Trim leading and trailing white space.
Remove blocks of white space.
Remove specific characters, or all text before or after specified characters. For example, you can remove all the dashes from the Phone Number column, so that the column contains only numbers. If you do not want your Revenue column to display cents (such as $12.43), you can remove all the characters after the period, then remove the period (resulting in $12).
Group similar data into a cluster and edit the entire cluster at once.
Duplicate the selection into another column.
Rename the selection.
Concatenate or combine two columns into a new column.
Swap columns and rows (Transpose).
If you republish your data, the data wrangling steps are applied to the new data. For example, if you changed a text column to all uppercase, the same text column will be displayed as uppercase in the republished data. For background information on republish and refreshing your data, see Republishing imported data.

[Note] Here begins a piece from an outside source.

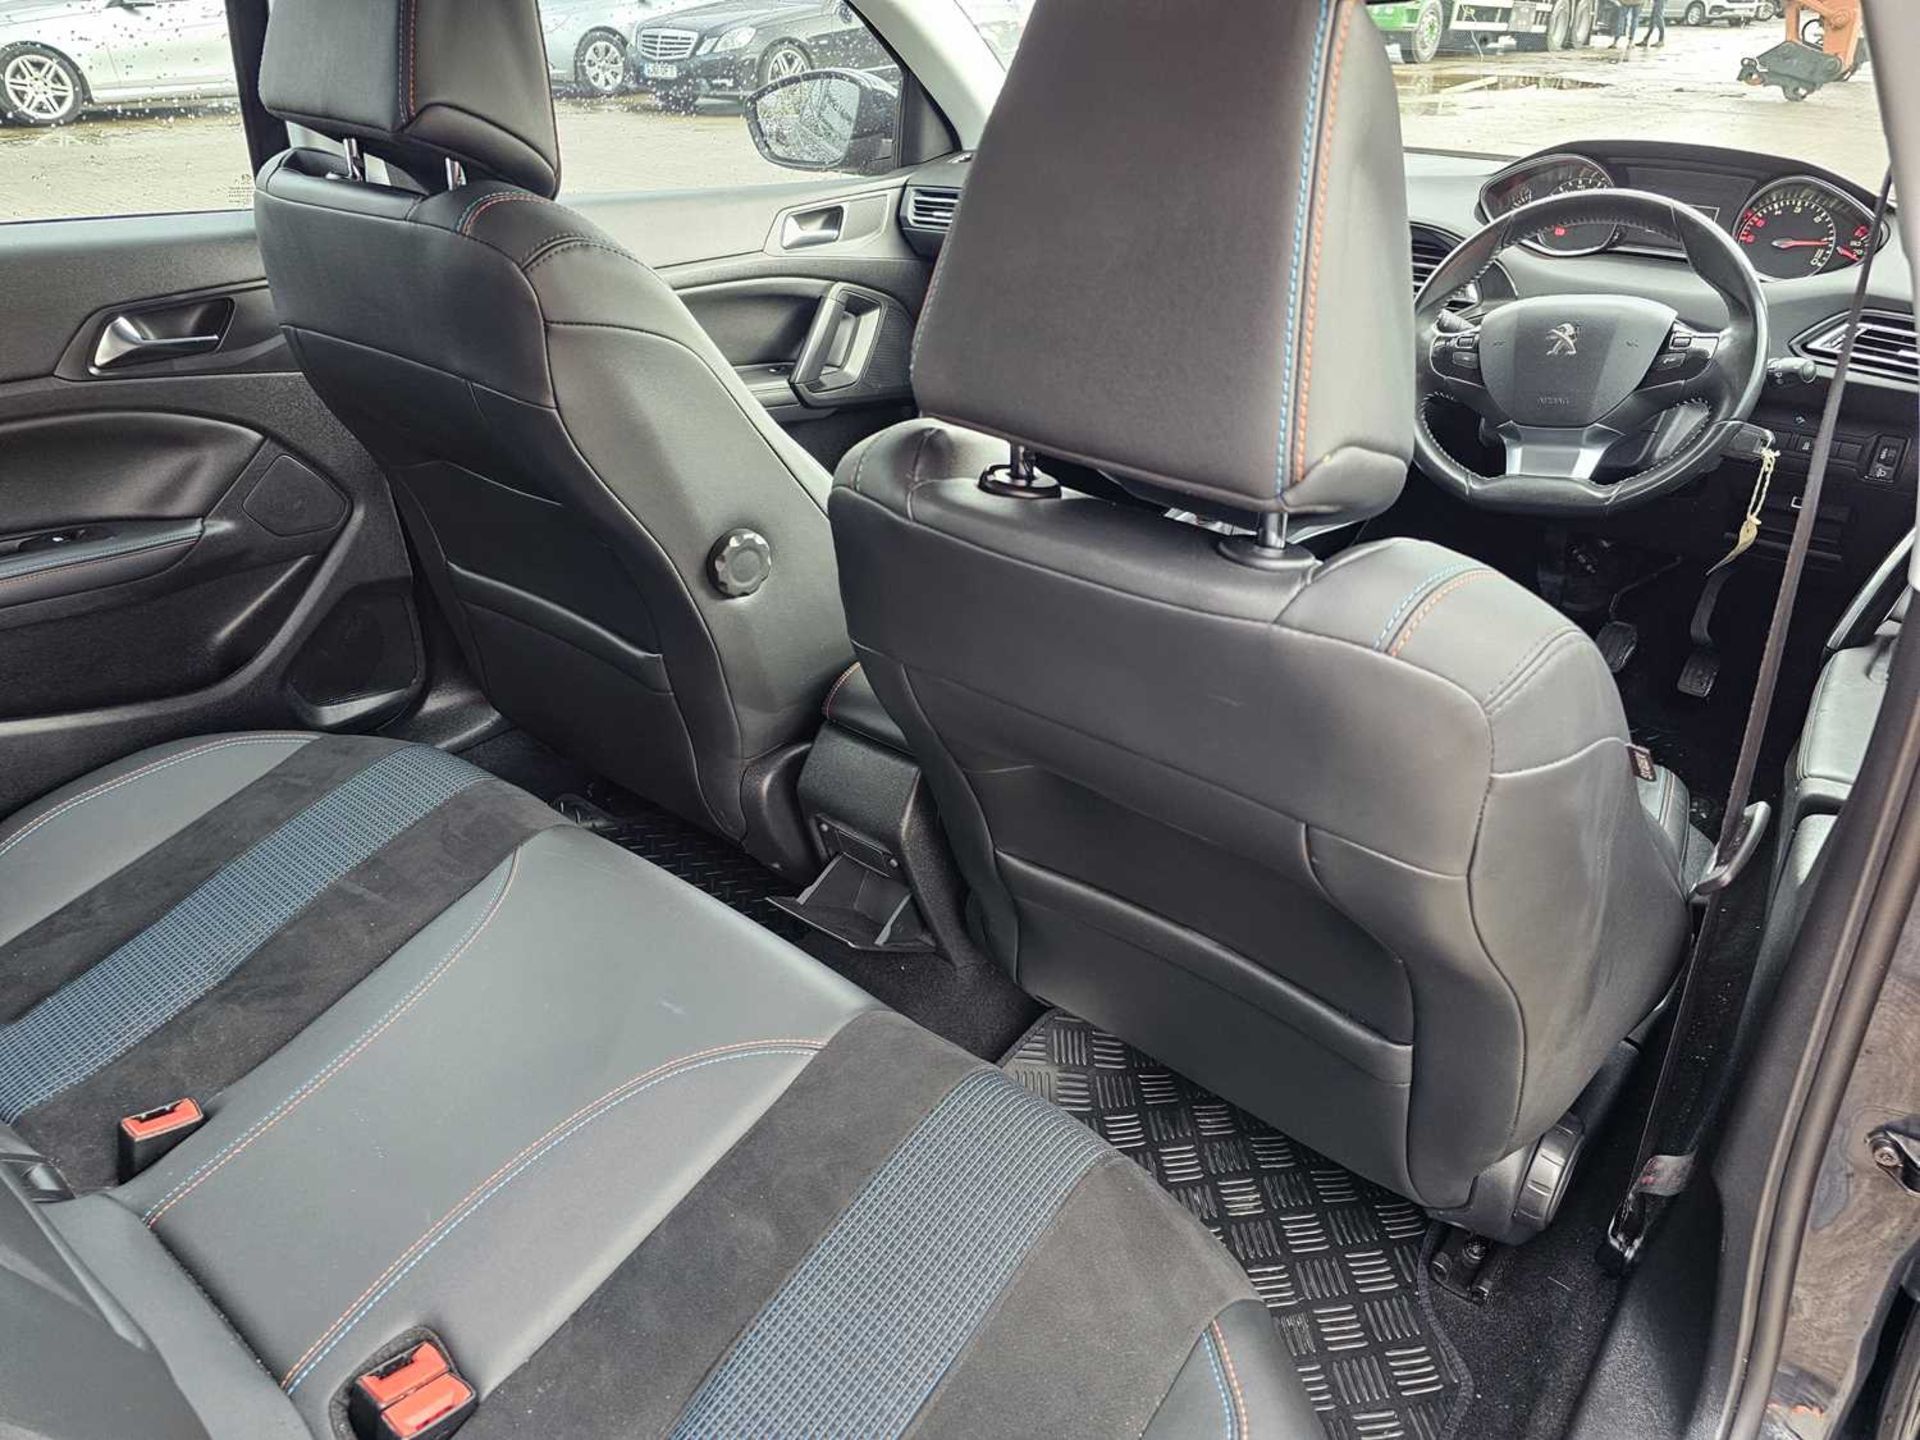 2014 Peugeot 308, 6 Speed, Parking Sensors, Half Leather, Bluetooth, Cruise Control, A/C (Reg. Docs. - Image 17 of 28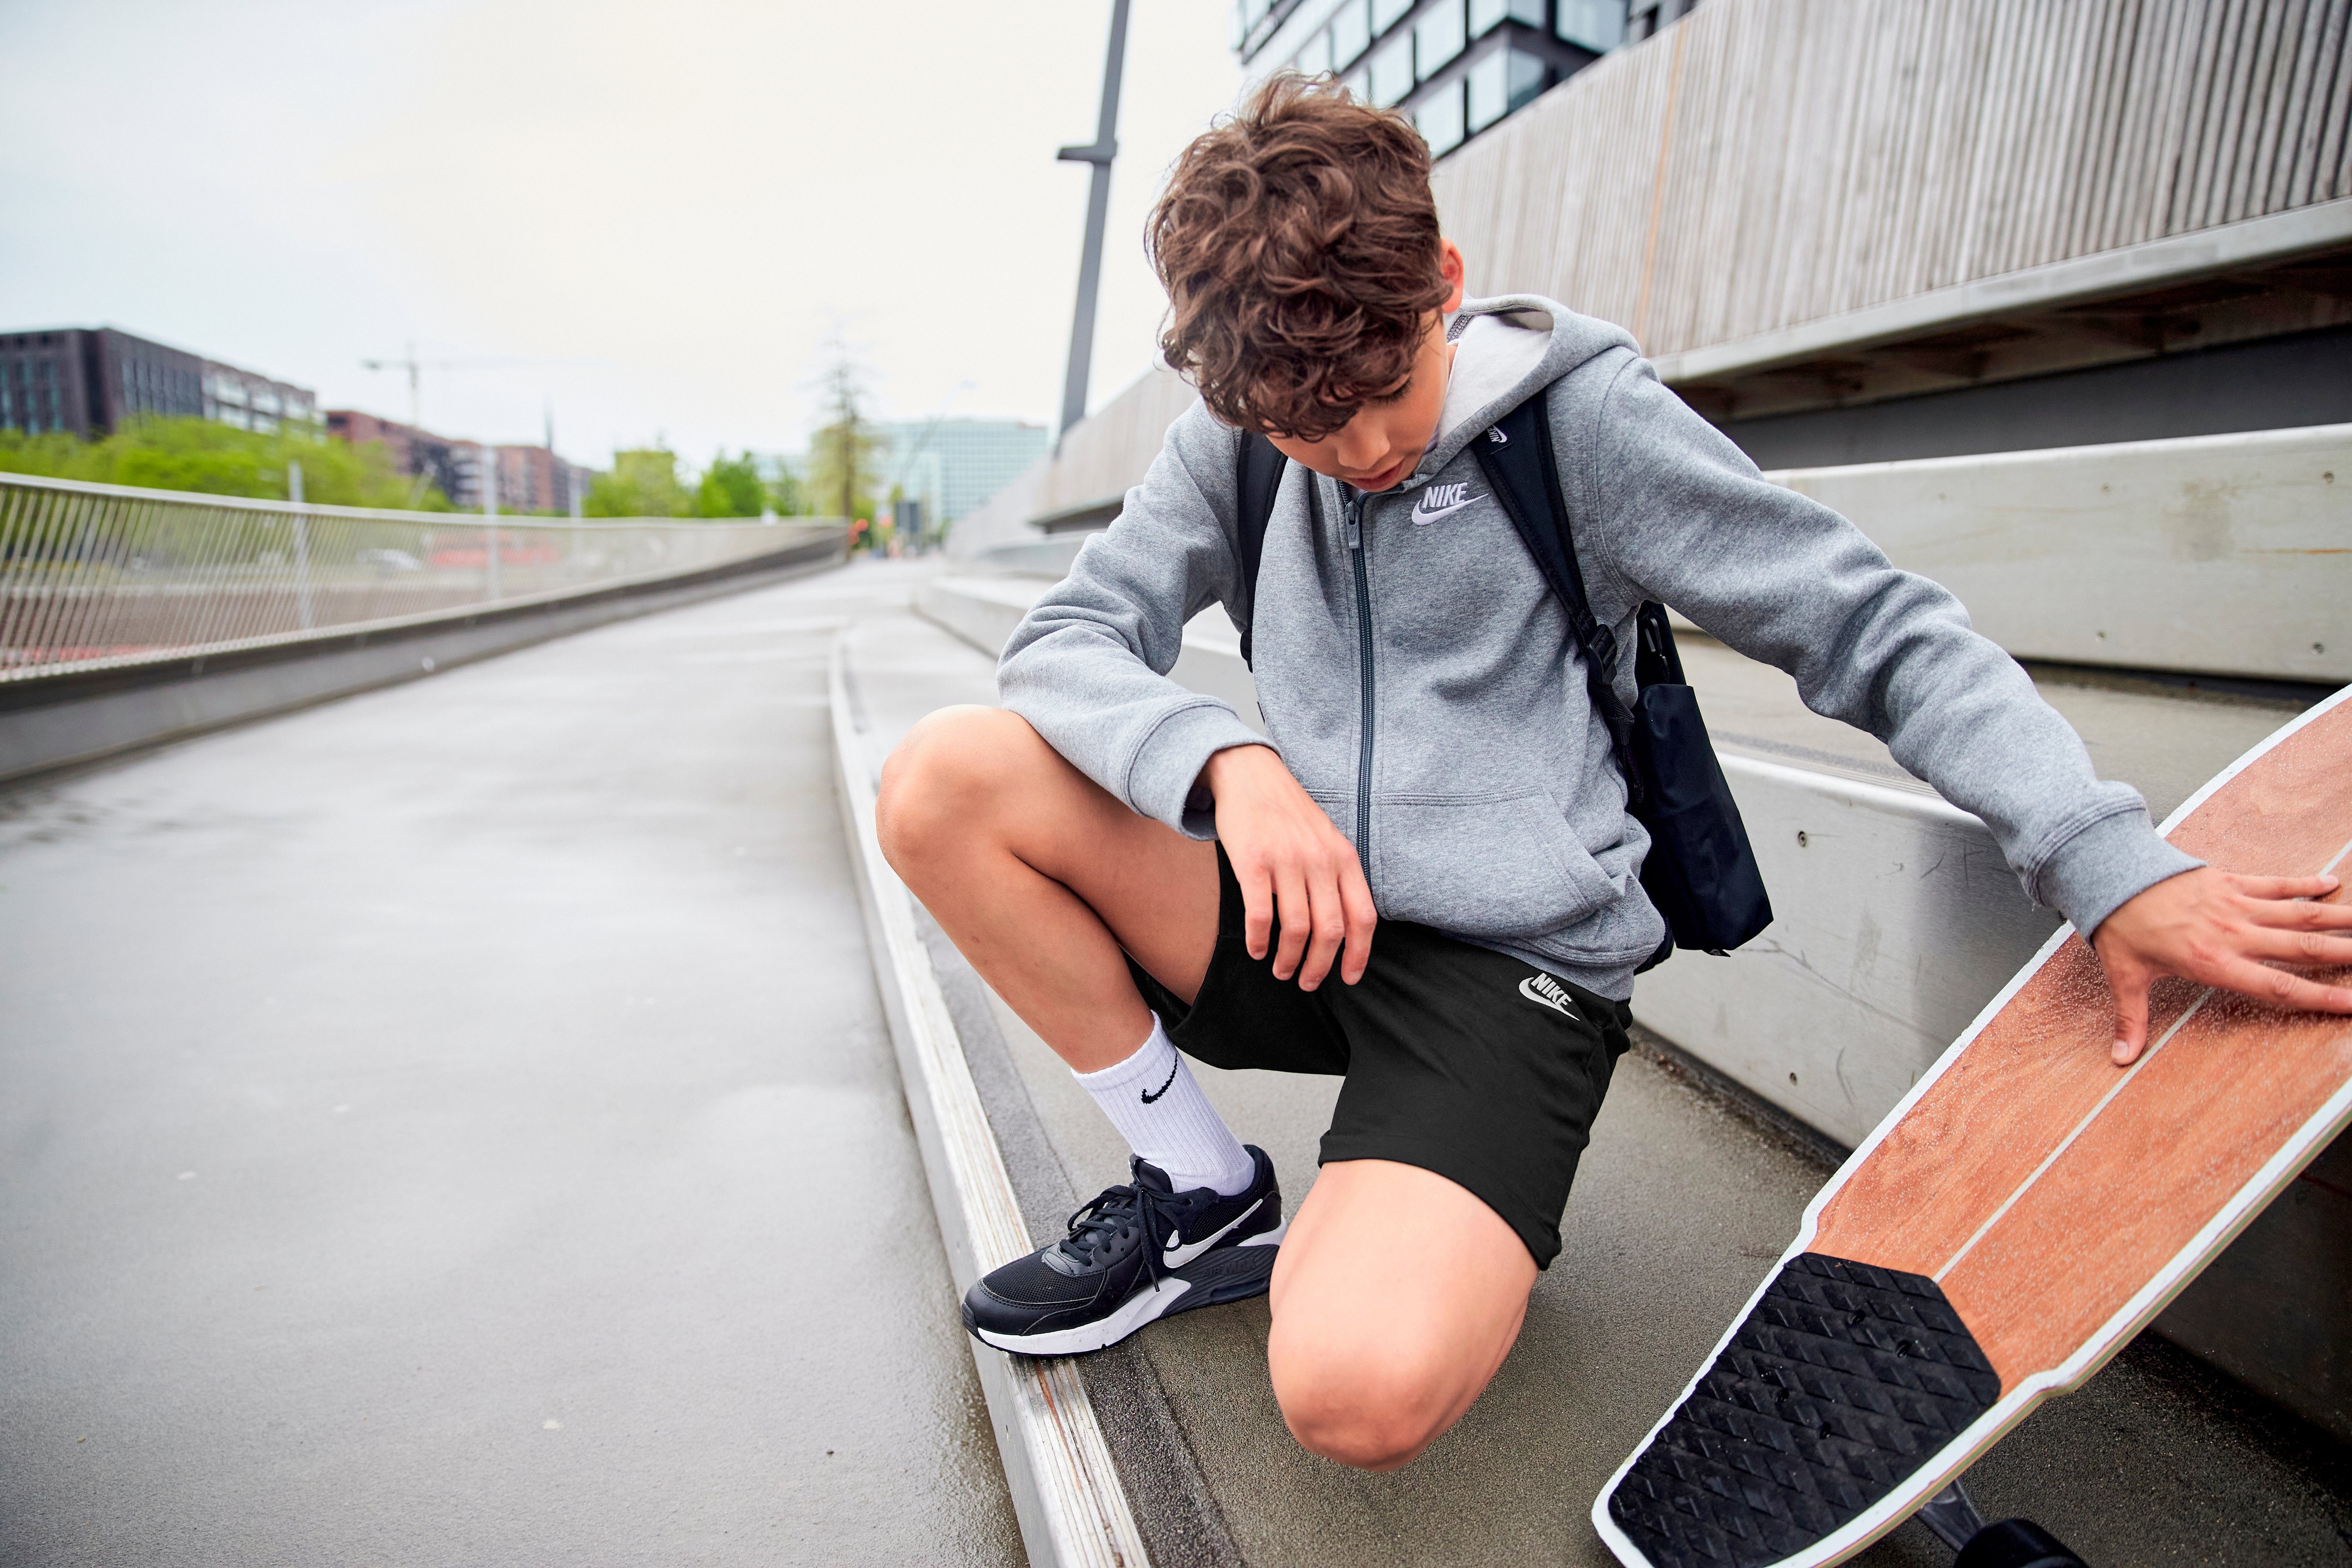 Nike Sportswear Shorts BIG SHORTS (BOYS) JERSEY schwarz KIDS'

You can refine data imported from your computer or network, or uploaded from a URL
This procedure assumes that you have already begun importing data, and are previewing your data. The Preview page is displayed after you select a data source to import from, configure the data source, and click Prepare Data. For a list of the data sources that you can import from, and links to steps to import data, see About importing data.
To refine your data before importing it:
On the Preview page, click Wrangle. The Wrangle Your Data page opens, displaying a sample of your dataset.
You can import a saved script of functions to apply to your data. To import a script, follow the steps below:
Click Import in the History Script area. The Import History Script dialog box opens.
Do one of the following:
To import a saved script, click Browse.
Copy a script into the interface.
Click Apply. The functions are applied to your data sample and you are returned to the Wrangle Your Data page.
If you do not want to make any additional changes to the data, click OK to apply the script, as displayed in the History Script area, to your actual data. You are returned to the Preview page.
Select a data column or part of a cell to apply a function to. A list of suggested functions is displayed, based on the selected data.
Select a function to apply to the selected data, from either the suggested functions or the Select Function drop-down list.
For a function that needs no further input, like facet, the function is automatically applied to your data.
If the function needs parameters, define the parameters, then click Apply to apply the function to your data.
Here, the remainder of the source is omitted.